Nick Beauchamp is an Assistant Professor in Northeastern University’s department of Political Science. He recent spoke at the Center for Data Science’s Text as Data conference.
What did you study in school? How did you get to what you study now?
Like many data scientists, I took a somewhat winding path to arrive where I am now. Although I started college studying physics and math, I wound up double-majoring in philosophy and literature. I then went to grad school in English at Johns Hopkins, worked on a thesis that combined literature, philosophy of mind, and politics.
How did you get from English studies and politics to data science?
I think because of my background in literature, I was immediately interested in computational text analysis: inferring ideology from speech and the dynamics of opinion change. After doing my work in English at Johns Hopkins, I went to the Carter Center to work on election observation and electoral fraud analysis. That led me back to grad school in politics with a focus on quantitative methods at NYU.
How do the methodologies in data science differ from the social or hard sciences?
The natural tendency in the sciences is towards specialization. We are in a rare – and perhaps brief – moment where one can work in a number of fields – computer science, statistics, a substantive field such as politics – and produce novel and important work. With the social or hard sciences, interdisciplinary synthesis is the exception more than the norm, and I hope the interdisciplinary aspect of data science continues.
When did you start to incorporate data science into your research?
During my graduate work at NYU, one of my first projects was analyzing congressional speech using computational methods to determine speaker ideology. But I already had some programming experience at that point.
Could you tell me about some of the projects you’re working on?
I’m currently working on a project that algorithmically generates more persuasive text by looking at how people shape their opinions through political rhetoric surrounding Obamacare. By analyzing participants’ reactions to three sentence paragraphs, we can figure out which topics are the most persuasive, and look at ways in which the structuring of arguments affects how people respond. It not only gives us insight into what makes a convincing argument, but also how ideas shape political opinions.
I’ve also been modeling online arguments within political groups, which tend to be much more deliberate and persuasive than arguments between differing political ideologies. This allows us to discern mental connections between topics, how these mental connections take shape, and how one gradually shapes their ideology.
There are so many ways you can use data science to look at a problem in politics. Why does text analysis appeal to you?
I’m fundamentally interested in how people think about and argue politics. Ideology in politics has for decades been modeled as a simple left-right spectrum (or perhaps two dimensions), which seemed to me to deeply miss out on the full complexity of political thought – the ways ideas and beliefs interrelate and affect each other, and the ways we learn and change our beliefs. Words and text are really the only window into the full complexity of all of this, and after all, it is through words that we learn and change all of our beliefs. Text analysis lets us see into this incredibly complex psychological and social world, if we develop the right tools to model and understand it.
How has the way in which you incorporate data science into political science changed over the years?
In the “old days” I would develop all my tools from scratch. I still do a lot of that, but text analysis has become a booming industry in the last 5 years, which means there are now a lot of sophisticated models to build upon.
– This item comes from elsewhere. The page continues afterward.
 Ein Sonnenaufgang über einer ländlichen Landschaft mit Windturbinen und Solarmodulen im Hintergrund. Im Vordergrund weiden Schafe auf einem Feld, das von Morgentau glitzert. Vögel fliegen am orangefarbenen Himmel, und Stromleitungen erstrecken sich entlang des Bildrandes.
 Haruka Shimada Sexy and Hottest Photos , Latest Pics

What do you think is the single biggest affect that data science has had on political science, or how we approach political science?
Data science now allows us to build more complex models of social behavior, with richer psychological and social dimensions that speak to personality, ideas, and social movements beyond the left/right dichotomy.
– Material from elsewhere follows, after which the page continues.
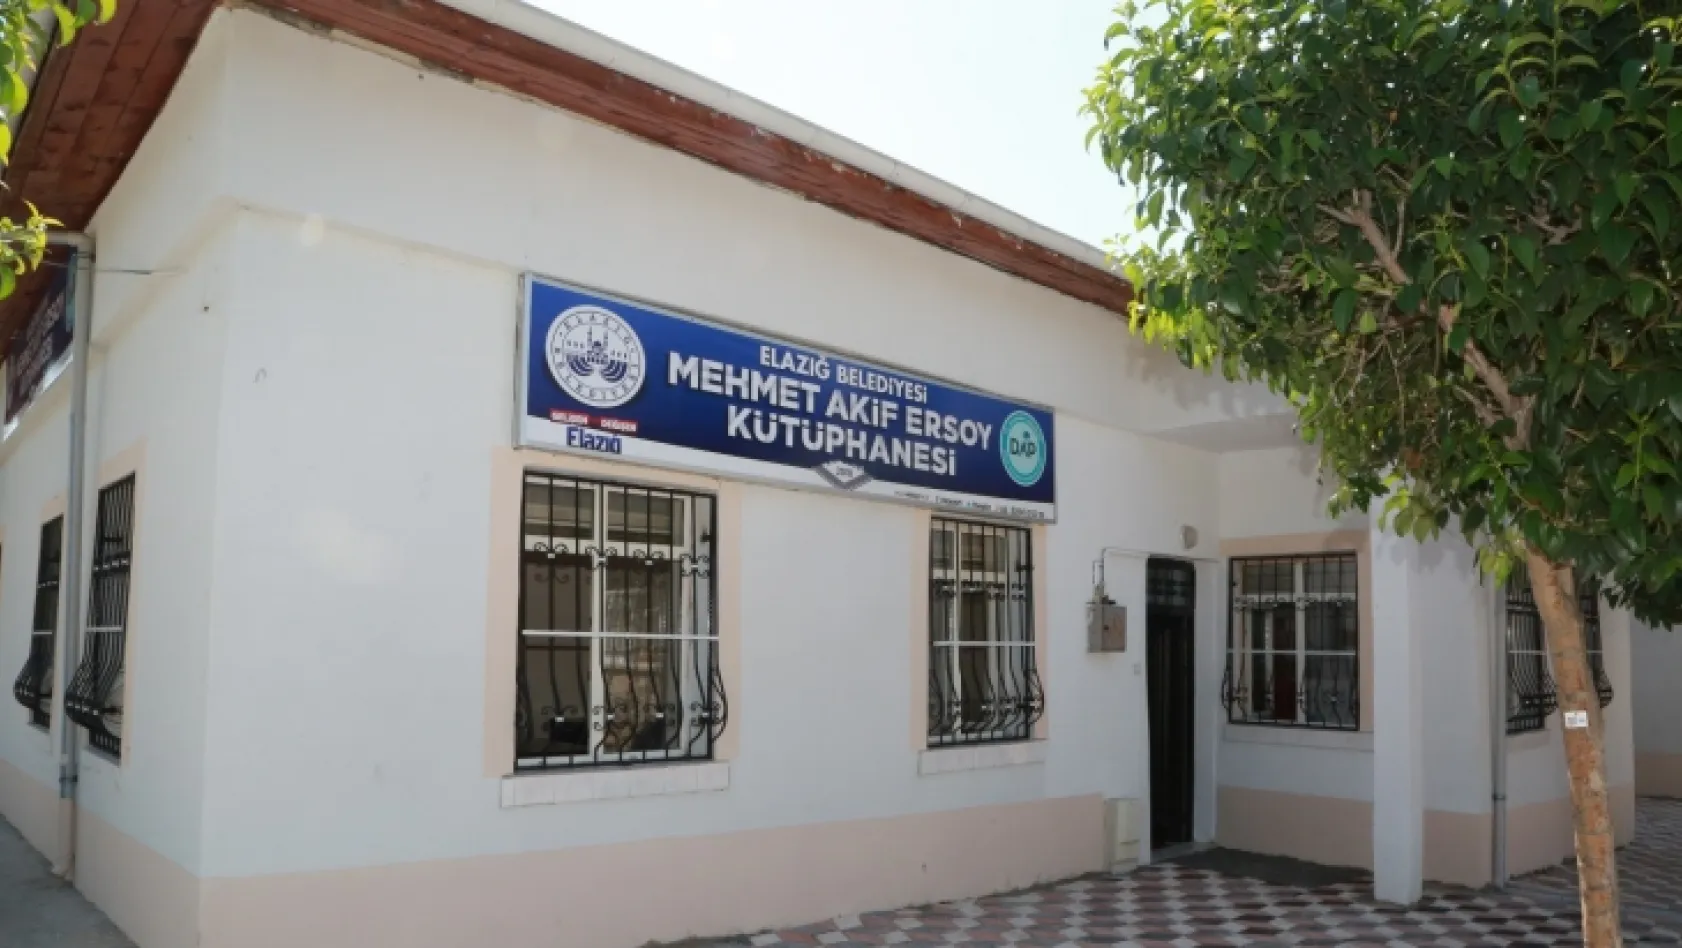 Mehmet Akif Ersoy kütüphanesi açıldı

Are there any ways in which text analysis is being used differently in political science than in other fields?
Political science has more sharply defined subject outcomes than other social sciences. But text analysis is also a bit hampered in political science by our emphasis on the unidimensional left-right dimension, which can sometimes limit the analysis and prevent models from capturing the richer complexity of speech.
Are there any areas of your field that aren’t being impacted by data science that should be?
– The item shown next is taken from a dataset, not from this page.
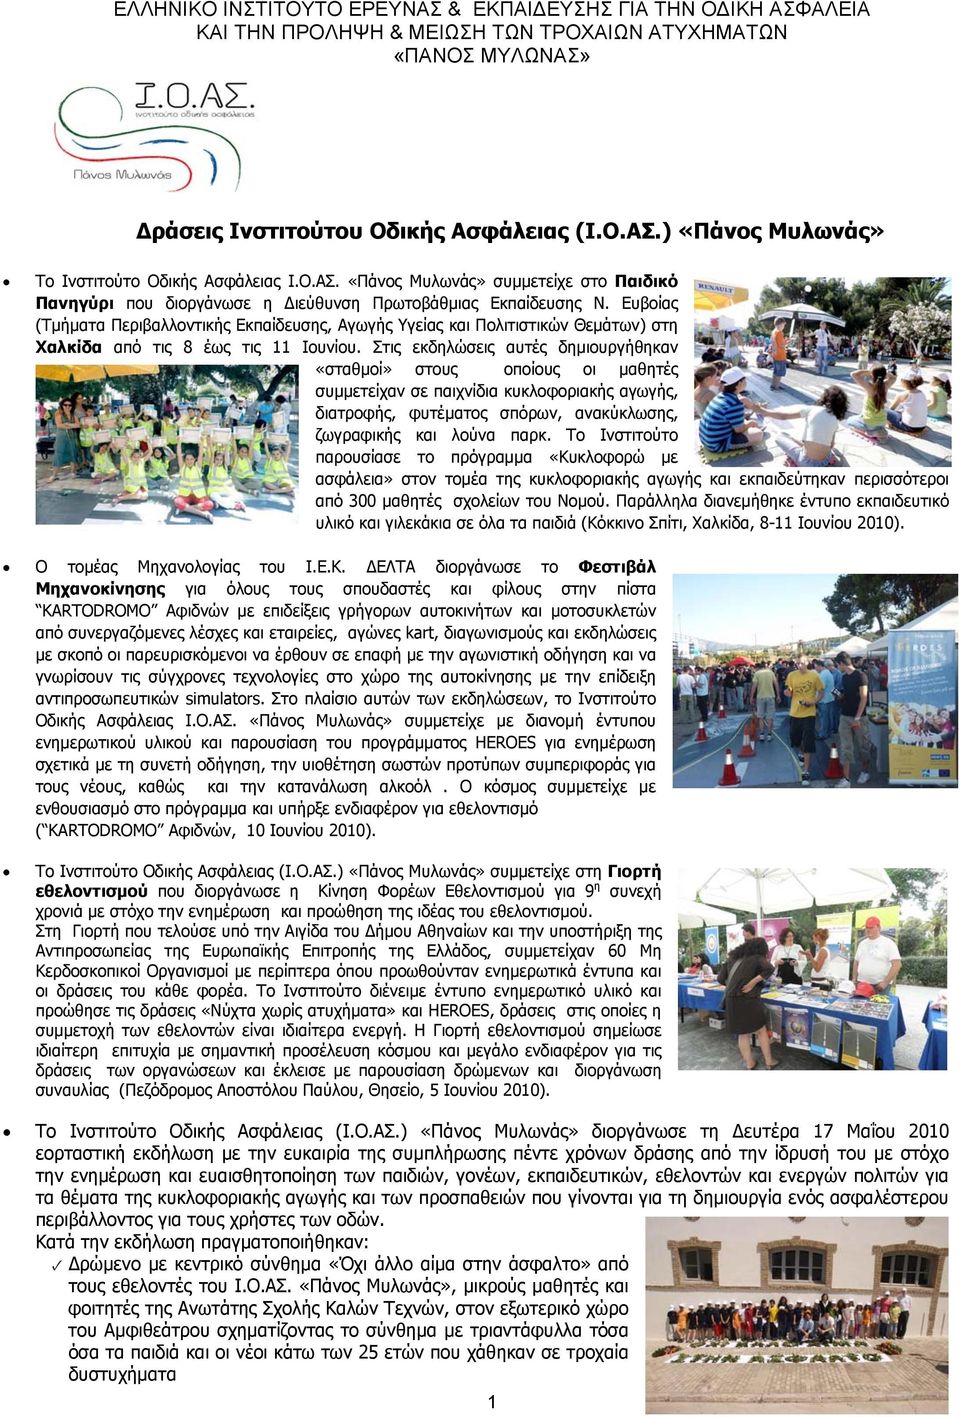 Ευβοίας (Τμήματα Περιβαλλοντικής Εκπαίδευσης, Αγωγής Υγείας και Πολιτιστικών Θεμάτων) στη Χαλκίδα από τις 8 έως τις 11 Ιουνίου.

So far the modeling side of our field, as in economics, tends to be dominated by analytic, game-theoretic models rather than computational or agent-based models. The real world of data science is extremely messy and it’s important to have models that are analytically tractable and theoretically understandable. But it will also be interesting to see how more complex computational models will allow more interaction between the messy world of data and the theoretical world of modeling.
For you, what was the biggest takeaway from the Text as Data Conference?
I thought there were a number of great papers focusing on long-standing fundamental problems in text analysis, such as n-grams and sentiment. But I want to see broader social theories incorporated into the computer-science work you see in natural language processing. There’s lot of room for growth on the theory side – not modeling per se, but social theories that have ramifications beyond small-scale political domains.
On a chalk-board at CDS we have the question: “What does it mean to be a data scientist?” Could you answer this question?
A data scientist is someone who finds theoretical and methodological connections across disciplines, and is ready to make new discoveries wherever she finds them. The surge in computation means that many of these discoveries are entirely novel, and are new insights into complex systems that could not have been made with previous methods.